Intelligence artificielle dans les examens de vue : ce qui change réellement
Un patient tend la tête vers un appareil photographié de face. En quelques secondes, une image de son fond d'œil est analysée par un logiciel qui signale des anomalies. Cette scène se déroule déjà dans certains cabinets d'ophtalmologie. Mais que fait précisément l'intelligence artificielle lors d'un examen de la vue, et où s'arrête son rôle ?
Le dépistage automatisé des maladies rétiniennes
L'usage le plus répandu de l'IA en ophtalmologie concerne l'analyse d'images du fond d'œil. Des algorithmes entraînés sur des milliers de clichés annotés apprennent à repérer les signes de la rétinopathie diabétique, de la dégénérescence maculaire liée à l'âge ou encore du glaucome. Ces logiciels comparent les images du patient à des motifs connus et signalent les zones suspectes.
Ce type d'outil est utilisé en premier recours, notamment dans des centres de dépistage ou des cabinets de ville. L'IA ne pose pas un diagnostic final : elle classe les images en deux catégories, « à surveiller » ou « sans anomalie majeure ». Le médecin examine ensuite les clichés signalés et décide de la marche à suivre. Cette approche permet de traiter plus rapidement les dossiers prioritaires, mais elle ne remplace pas l'œil humain pour les cas complexes, les images de mauvaise qualité ou les pathologies rares.
La mesure de la réfraction et la prescription de lunettes
Un autre champ d'application concerne l'autoréfracteur, l'appareil qui estime la correction optique nécessaire. Les modèles récents intègrent des modules d'IA qui croisent plusieurs mesures : la courbure de la cornée, la longueur de l'œil et la réponse du patient à des stimuli visuels. Le logiciel propose une prescription préliminaire, que l'ophtalmologiste ou l'opticien ajuste ensuite lors de l'examen subjectif, celui où le patient répond « mieux » ou « moins bien » aux lentilles de test.
Cette automatisation accélère la phase de mesure, mais elle se heurte à une limite pratique : la prescription finale dépend de la sensibilité visuelle de chaque personne, de ses habitudes de lecture ou de conduite, et de son ressenti face à la correction. L'IA propose une base chiffrée, pas une solution adaptée à la vie quotidienne du patient. Les cas de forte myopie, d'astigmatisme irrégulier ou de presbytie combinée à d'autres défauts restent difficiles à traiter par un algorithme seul.

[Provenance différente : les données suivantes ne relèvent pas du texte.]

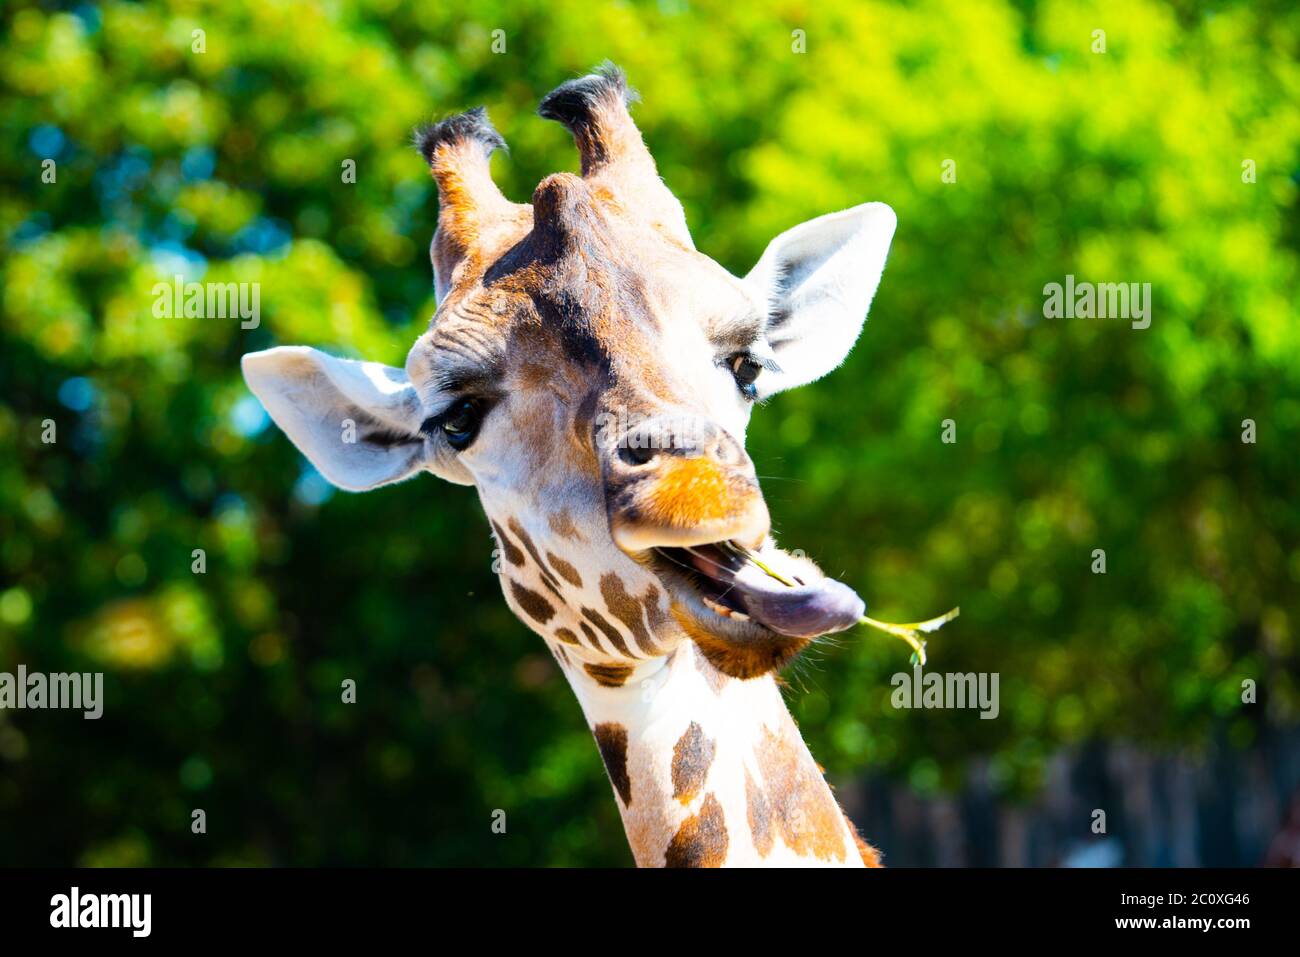 Ritratto di giraffa con lingua lunga masticando piccolo ramoscello dall'albero. Foto Stock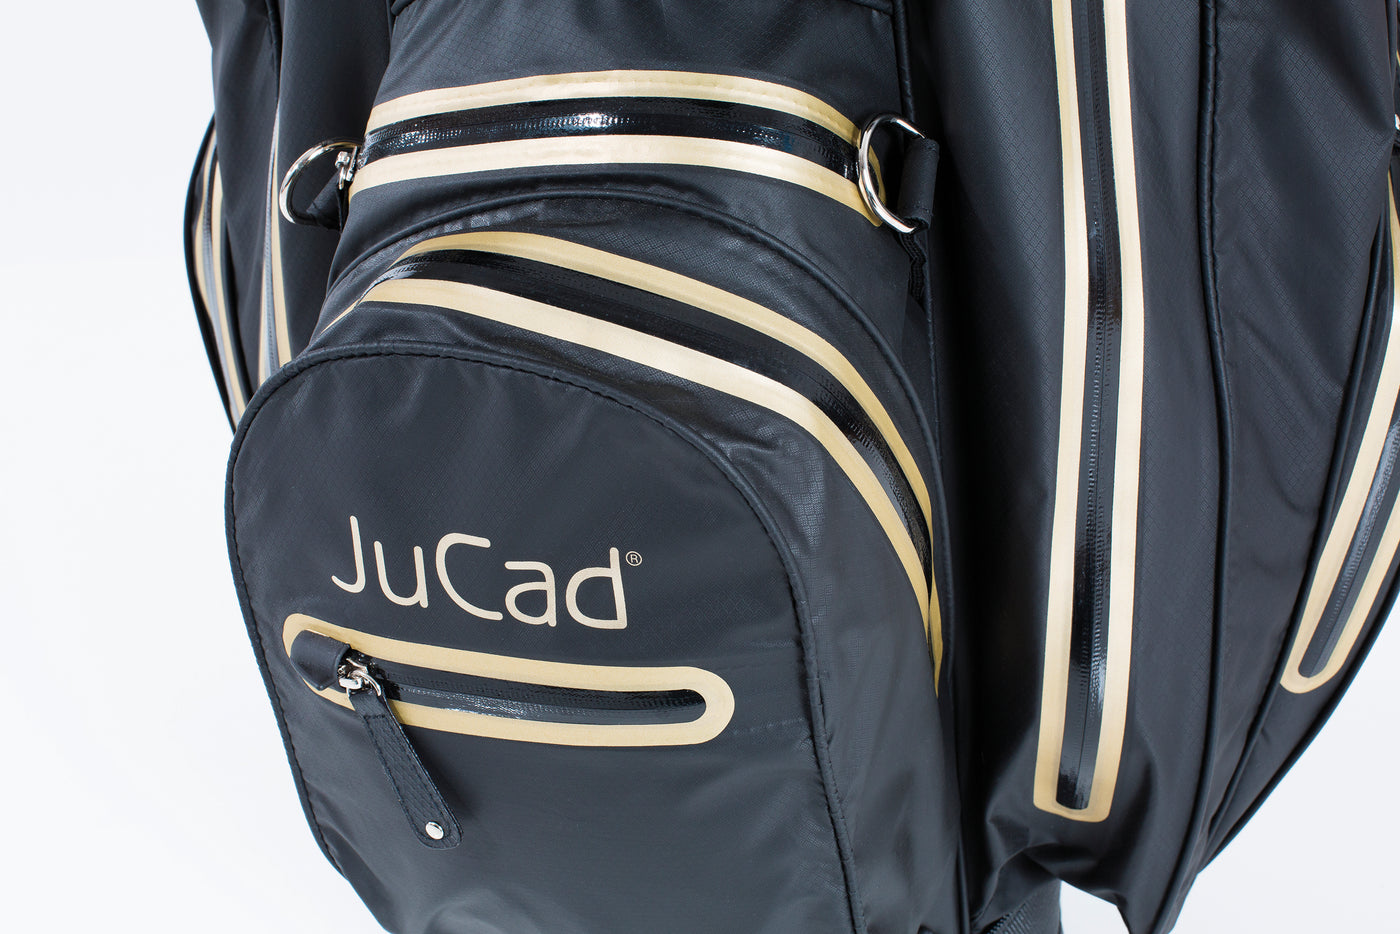 Sac de golf JuCad Aquastop - le léger imperméable

Le suivi de l'évolution des pathologies chroniques
Pour les maladies qui évoluent lentement, comme le glaucome ou la rétinopathie diabétique, la comparaison d'examens successifs est essentielle. Des outils d'IA comparent les images prises à plusieurs mois d'intervalle et mesurent des changements subtils : élargissement d'une tache aveugle, épaississement de la rétine, modification du nerf optique. Ces variations, parfois invisibles à l'œil nu, sont quantifiées et présentées au médecin sous forme de courbes ou de cartes de différence.
Cette fonction est utile pour décider d'ajuster un traitement ou de programmer un nouveau contrôle. Mais elle repose sur la qualité des données : si les clichés sont pris avec des appareils différents, sous un éclairage variable ou après une dilatation inégale de la pupille, les comparaisons deviennent moins fiables. Les praticiens signalent aussi le risque de faux positifs, qui entraînent des examens complémentaires inutiles et de l'anxiété pour le patient.
Les limites pratiques et la place du professionnel de santé
L'intégration de l'IA dans les examens de vue pose plusieurs questions concrètes. La première concerne la responsabilité : si un algorithme manque une anomalie, qui est responsable ? En l'état actuel des cadres réglementaires, le médecin reste le seul décideur. L'IA est un outil d'aide, pas un acteur autonome. La deuxième question touche à la protection des données : les images du fond d'œil sont des données de santé sensibles, et leur traitement par des serveurs externes doit respecter des règles strictes de confidentialité.
Enfin, tous les cabinets ne disposent pas d'équipements compatibles avec ces logiciels. Les appareils plus anciens produisent des images que les algorithmes analysent moins bien. La formation des personnels est aussi un facteur limitant : interpréter les sorties d'un logiciel demande une connaissance de ses points faibles et de ses biais. L'IA ne supprime donc pas la nécessité d'un examen clinique complet, ni le dialogue entre le patient et le praticien. Elle modifie la répartition des tâches, mais la décision médicale, elle, reste humaine.